Civil disobedience is "a public, non-violent, conscientious yet political act contrary to law usually done with the aim of bringing about a change in the law or the policies of the government" (Rawls, 1971, p-364). It is an act guided and justified by the principles of justice which regulate the constitution and social institutions generally. In both civil disobedience and professional non-compliance there is an existing authoritarian structure that is thought to be legitimate, but there is a disagreement over a particular issue or decision.
Although an individual sees some value in obeying the system, he or she considers a particular decision of the system to be sufficiently against the underlying principles to justify disobedience. Performing an act of civil disobedience invokes the community's commonly shared conception of justice. Similarly, a nurse who refuses to obey a superior's orders may be able to appeal to commonly shared principles that underlie the health care system and the roles of health care professionals.
In such a case the individual does not appeal to his or her own set of moral or religious precepts, although these may coincide with and support such claims. The appeal is being made instead to the set of principles that everyone involved purportedly accepts. In other words, the charge is that the law or order is being rejected because it violates the underlying principles on which the law or order itself is based.

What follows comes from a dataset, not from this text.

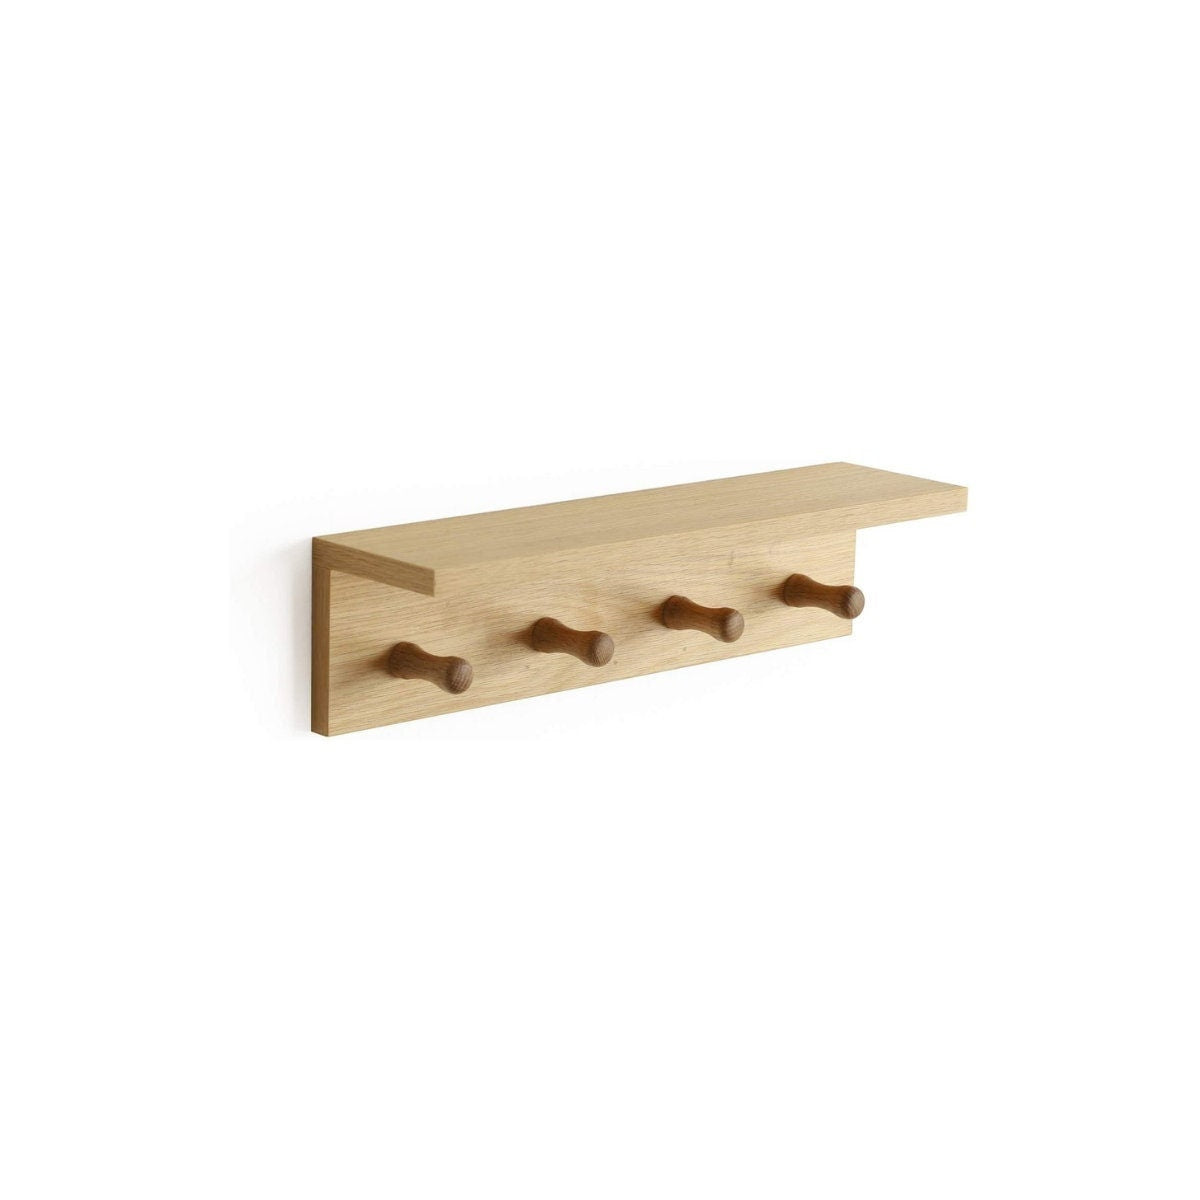 Shelf with hooks | towel rack | Kitchen decor | Wooden peg rail | wooden  peg rack | coat hanger | entryway decor | minimalist | hook rack

The important distinction between an act of civil disobedience, or professional non-compliance, and one of "conscientious refusal" is that in conscientious refusal the individual appeals to his or her own moral principles or individual conscience. There is no commonly shared ground or set of principles appealed to, which results in the problem of justifying individual conscience as a guide to action, an especially difficult problem when there is a clash between two individual consciences.
This distinction, which may be difficult to make in practice, is a very important one. If a disagreement between a nurse and administrator, for example, is seen as similar to conscientious refusal, the disagreement can be reduced simply to concerns over individual moral judgments, with a solution seen only in terms of a power struggle. if, on the other hand, the disagreement can be interpreted as civil disobedience, a claim will be made that the administrator has not respected and acted upon one of the principles which the administrator has implicitly or explicitly accepted, and there can be some attempt at a mutually agreeable solution.
Acts of civil disobedience and professional non-compliance are also committed as public acts with no attempt to hide what is being done. The constraints that Rawls (1971) places on civil disobedience might also be placed on acts of professional non-compliance:
1. If non-compliance is based on an appeal to a widely accepted set of professional standards, it should be limited to instances of significant violation.
2. Normal appeals to those in authority already should have been made.
3. Certain instances of professional non-compliance are clearly not justified, such as those in which disobedience itself violates an important underlying principle. For example, it would not be permissible in an emergency situation.